Конечно, и суд может ошибаться, и глас народа может сфальшивить, и безгрешность закона не абсолютна, но другого выхода просто нет. Свободный мир способен существовать только до тех пор, пока мы согласны признавать высший авторитет суда.
Далеко не всегда с этим легко согласиться, еще труднее – принять как должное и необходимое. В Америке Солженицына бесконечно раздражала здешняя "юрократия", власть юристов, мешающая судить сердцем, а не по бездушному закону.
Не его одного. На каждом собрании адвокатов всегда найдется остряк, который процитирует Шекспира: "Первым делом мы перебьем всех законников". Правда, адвокаты знают, что эти слова произносит в пьесе Дик Мясник, который хочет заодно перебить всех грамотных и сжечь все книги.
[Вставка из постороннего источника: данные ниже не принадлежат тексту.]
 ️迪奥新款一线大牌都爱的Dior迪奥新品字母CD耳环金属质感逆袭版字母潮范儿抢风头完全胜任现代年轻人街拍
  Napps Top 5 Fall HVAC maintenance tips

Перемотав ленту событий на сотни лет вперед, мы оказываемся примерно там, где нас оставили Эсхил с Шекспиром. Никогда еще на моей памяти Америка не была так занята юридическими тонкостями, как сегодня, когда бывшему и, возможно, будущему президенту предстоит отвечать перед четырьмя разными судами по десяткам уголовных обвинений.
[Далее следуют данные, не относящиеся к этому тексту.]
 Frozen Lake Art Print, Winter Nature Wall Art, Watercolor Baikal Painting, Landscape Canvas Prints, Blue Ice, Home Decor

Эта беспрецедентная ситуация, которую даже не могли себе представить чрезвычайно дальновидные отцы-основатели, оборачивается раем для юристов (кроме, конечно, тех, кому грозит тюрьма как сообщникам Трампа). А пока лучшие умы юридической науки задают вопросы, на которые еще ни у кого нет однозначных ответов.
Может ли Трамп вести предвыборную борьбу из тюремной камеры, если его признают виновным? (Наверное, да. Именно так в 1920 году поступил социалист Юджин Дебс, набравший 3% голосов.)
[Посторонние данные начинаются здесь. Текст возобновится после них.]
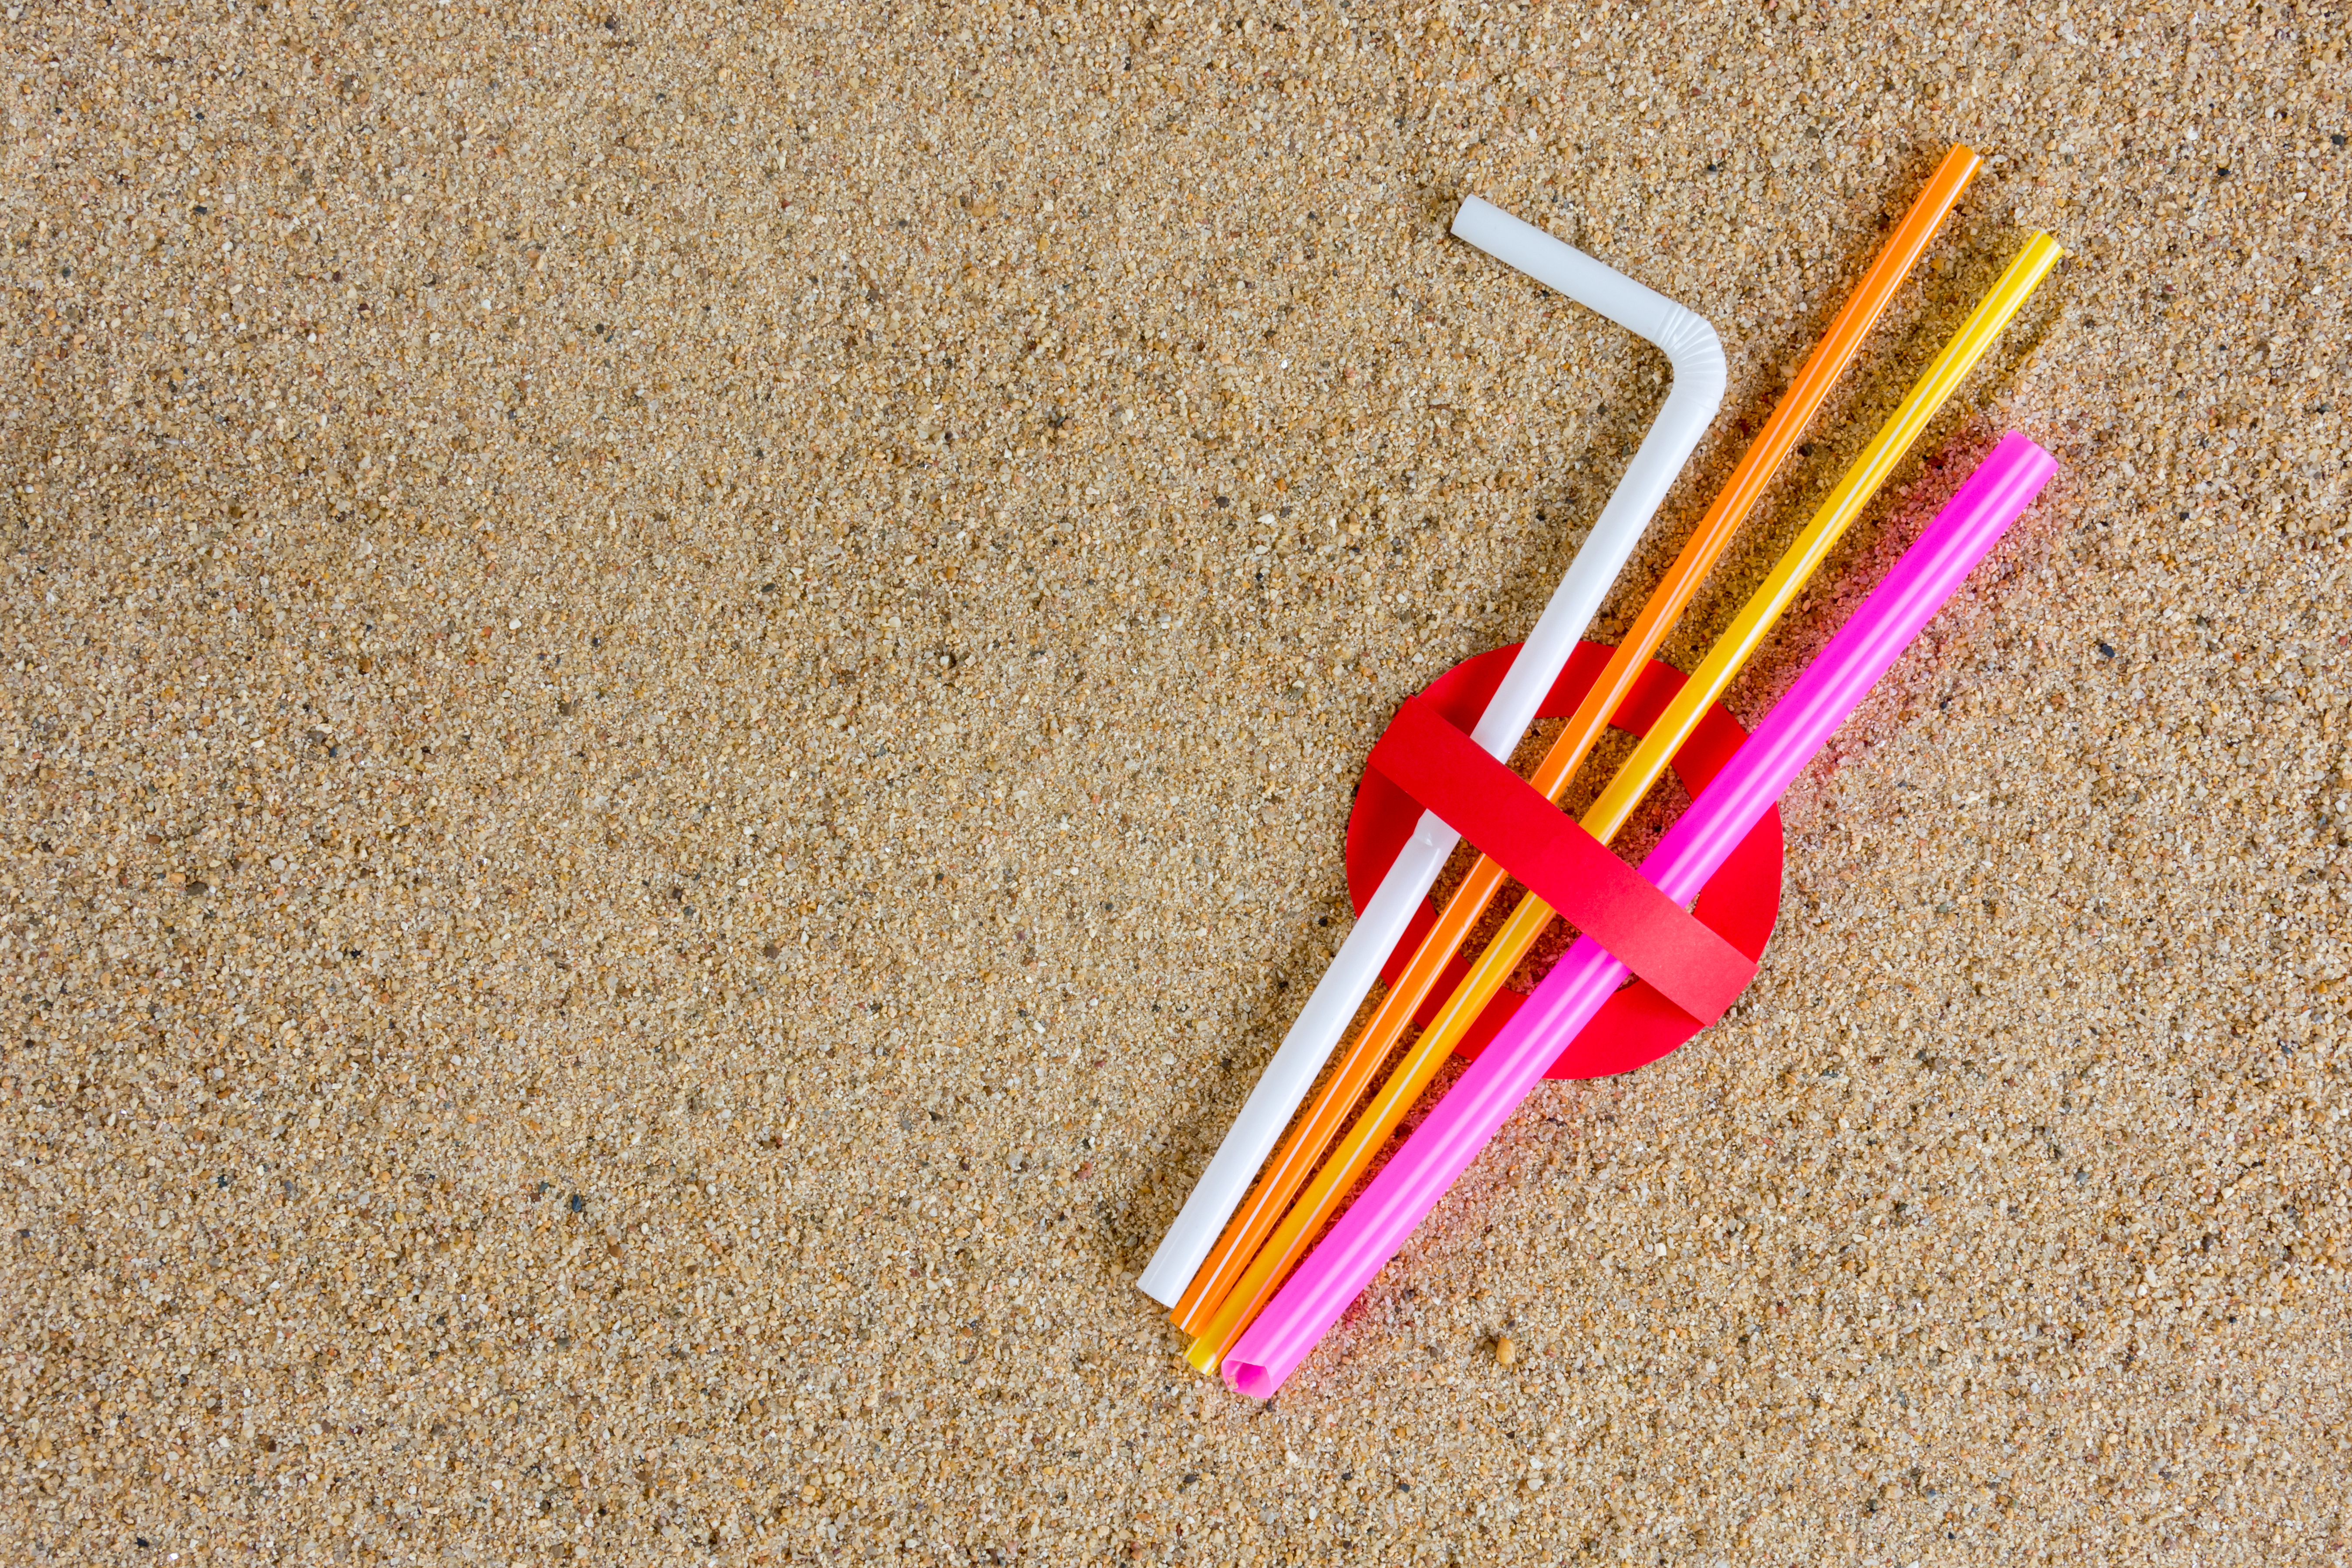 Plastic straws in banned symbol on beach sand.

Что будет, если, победив на выборах, Трамп сам себя помилует? (На этот вопрос сможет ответить только Верховный суд.)
И наконец, может ли президент, если Трампа им выберут, управлять страной из тюрьмы? (Вероятно, нет, потому что заключение несовместимо со специфическими требованиями президентской службы.)
Все эти тревожные, но и безмерно волнующие вопросы крайне важны, как в практическом, так и в теоретическом аспекте. В ближайшем времени юристы, отчаянно спорящие сейчас друг с другом, должны будут создать прецеденты, связать их с конституцией и внести новации во всю архитектуру американского законодательства. Но, в конце концов, для того они и существуют. Нет никаких сомнений в том, что специалисты найдут консенсус.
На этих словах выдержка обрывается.